I take this Psalm refrain as both literal for those of us in the northern hemisphere, and also as metaphor for anywhere in our broken world. As metaphor we are thus invited to pray and intercede for and stand alongside those ‘out in the cold’.

I used to dislike November as a month with its grey misery and nothing to either distract nor offer. But since the creation of the Kingdom Season by Anglican liturgists, I now find this a rich bundle of weeks.

It begins with the joy and celebration and encouragement of All Saints. It is a season of remembering both the bereavements that are part of nature (All Souls) but also those forced by conflicts and here is an opportunity to re-commit to the peace building work that is the task of every person of faith. On it goes this season, through our Patronal Festival (St Catherine of Alexandria) and finishing with the celebration of Christ the King. Add in there, if you are from the USA, also Thanksgiving Day which falls on the final Thursday in November. There is then in this month a rich fabric of themes and opportunities for prayer and reflection and celebration and commemoration and sharing and reaching out, of highs and lows. I hope you have been blessed this November.

We come now into the final week and this Thursday is indeed Thanksgiving for those of our church family who are from or in the USA and a couple of days later we have the beginning of Advent.

Your Advent Calendars (with/without the chocolate) begin for the sake of simplicity on 01.12. but the Advent Season begins on 4 clear Sundays before the Feast of Christmas.
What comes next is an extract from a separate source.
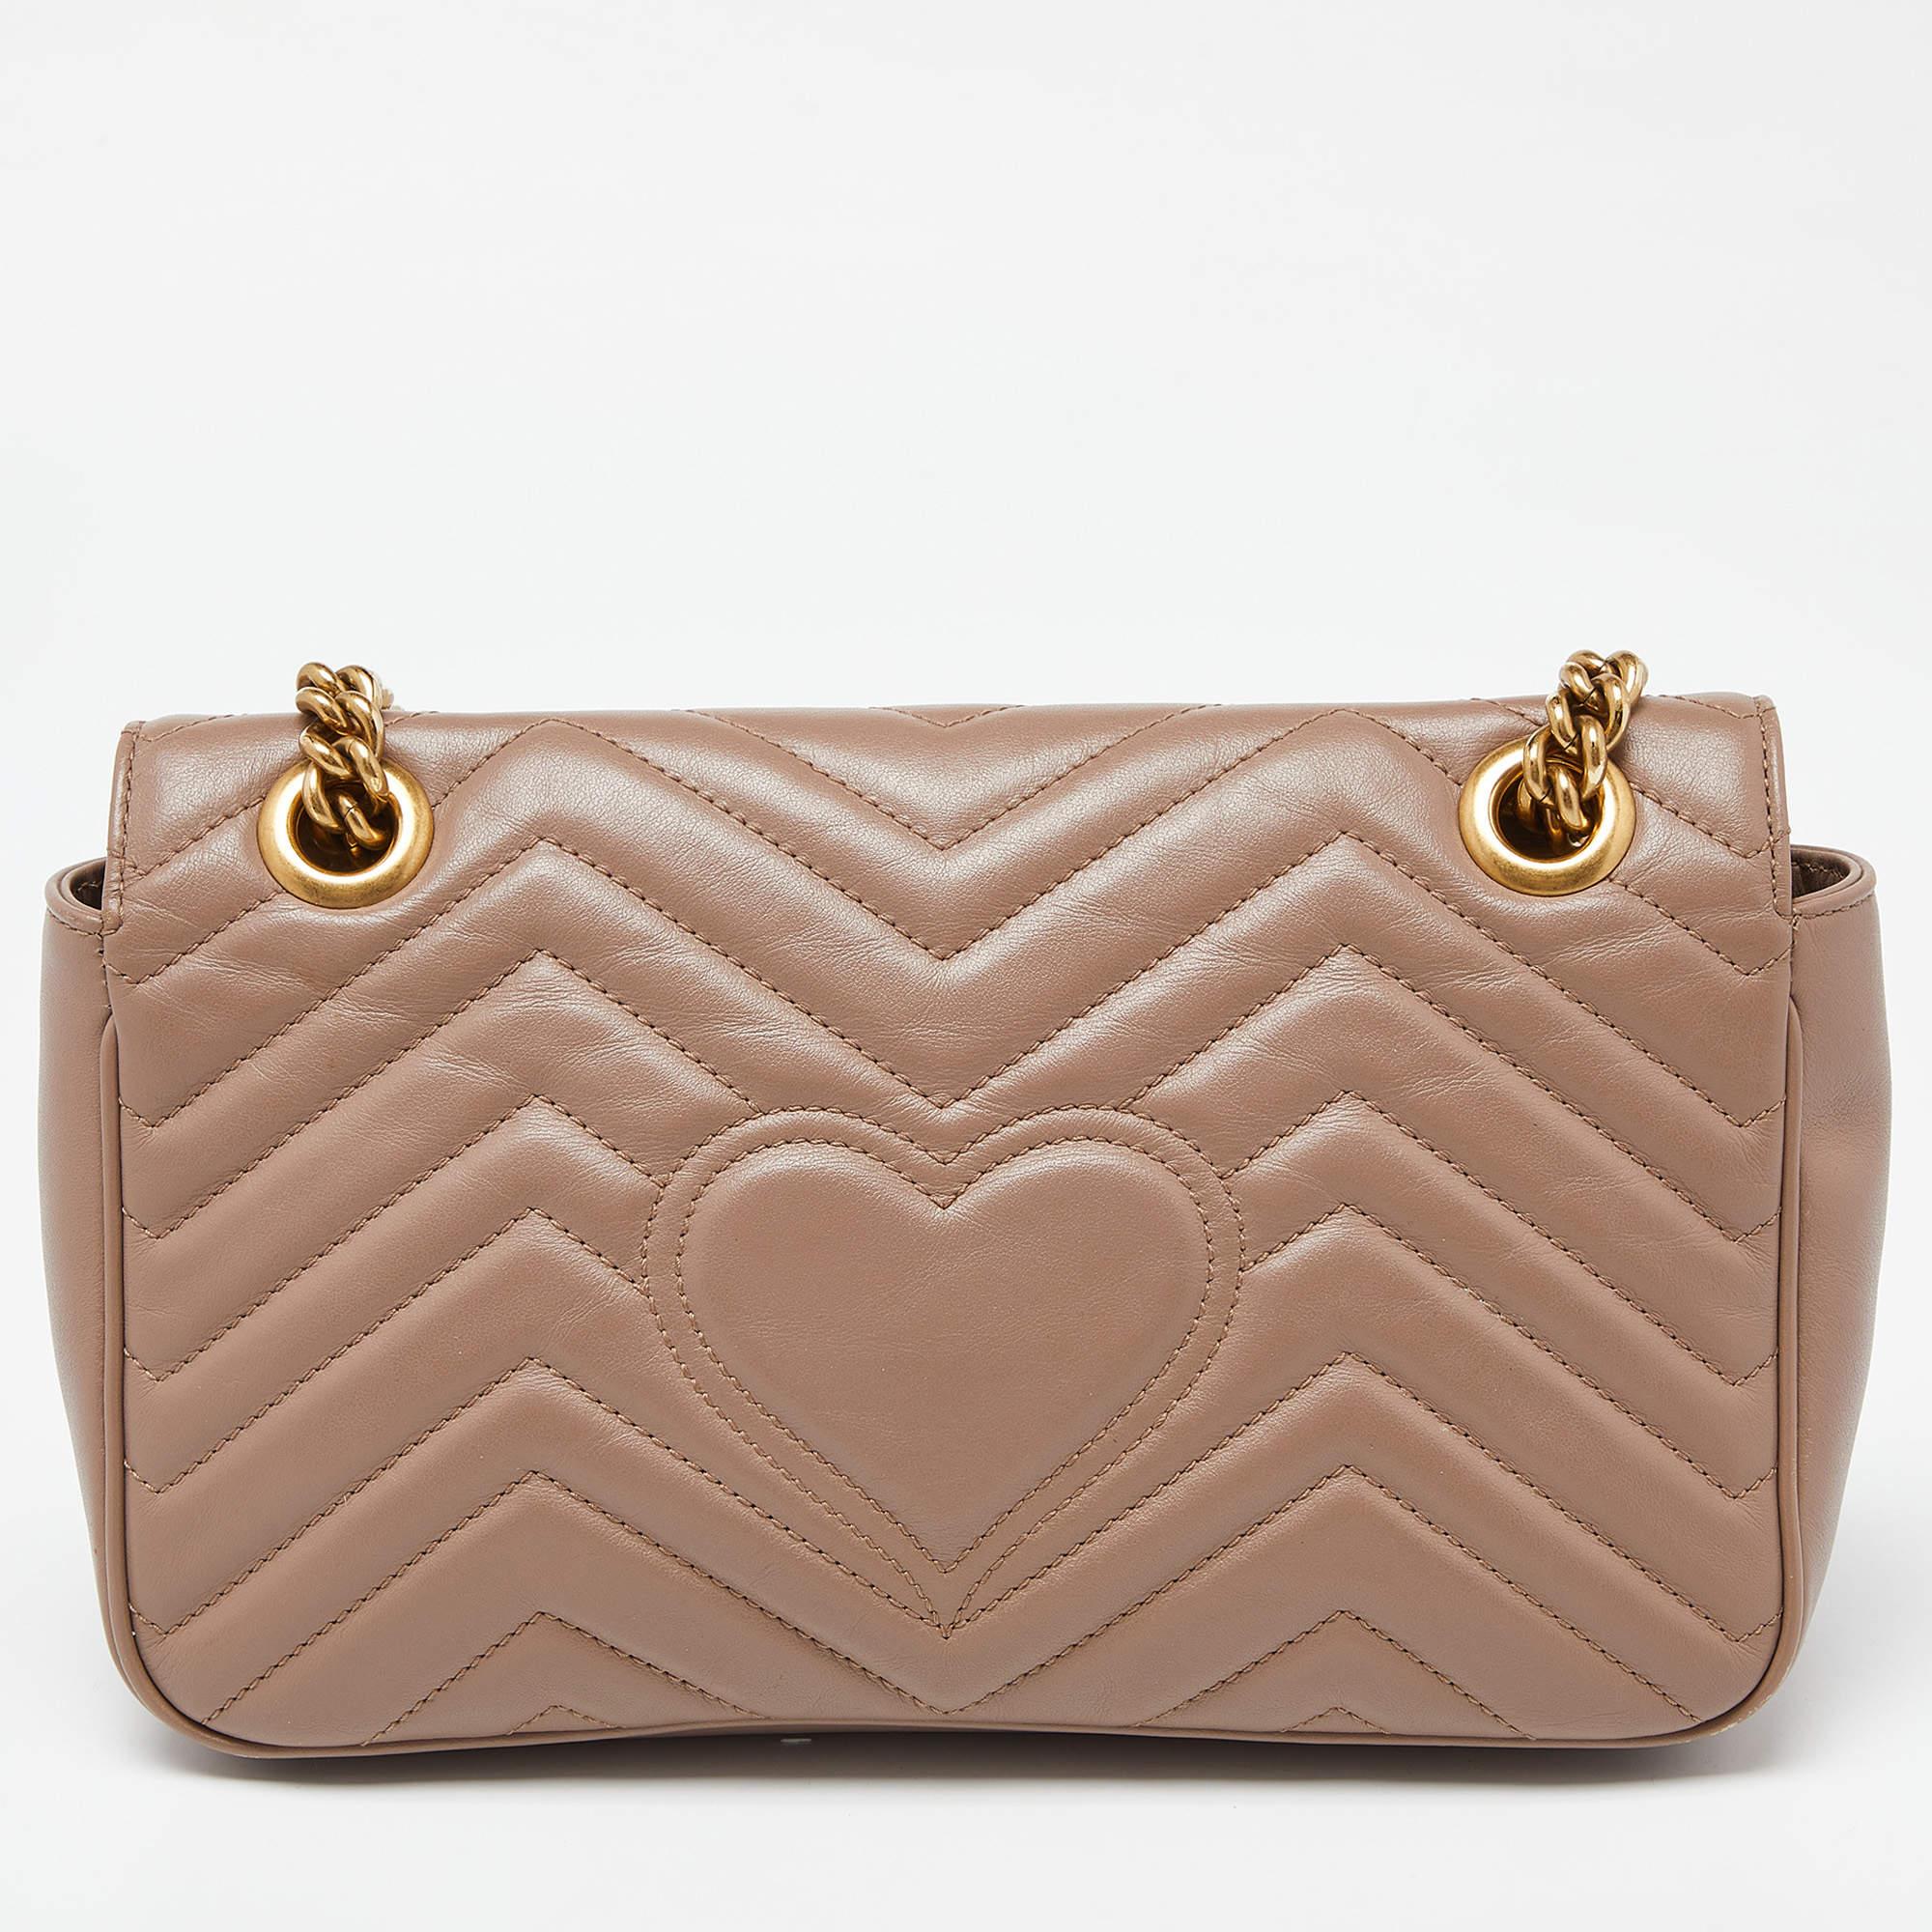 Gucci Beige Matelassé Leather Small GG Marmont Shoulder Bag For Sale 6

Advent Sunday marks the beginning of the New Liturgical Year and that for 2022 means on Sunday 27.11.22 we can joyfully wish each other a ‘Happy New Year’.  Every church that is half way organised – should by this coming Sunday have in place an empty stable (which will fill up as we progress through Advent-Christmas-Epiphany) and also an Advent Wreath with its 4 candles marking out the 4 Sundays of this season.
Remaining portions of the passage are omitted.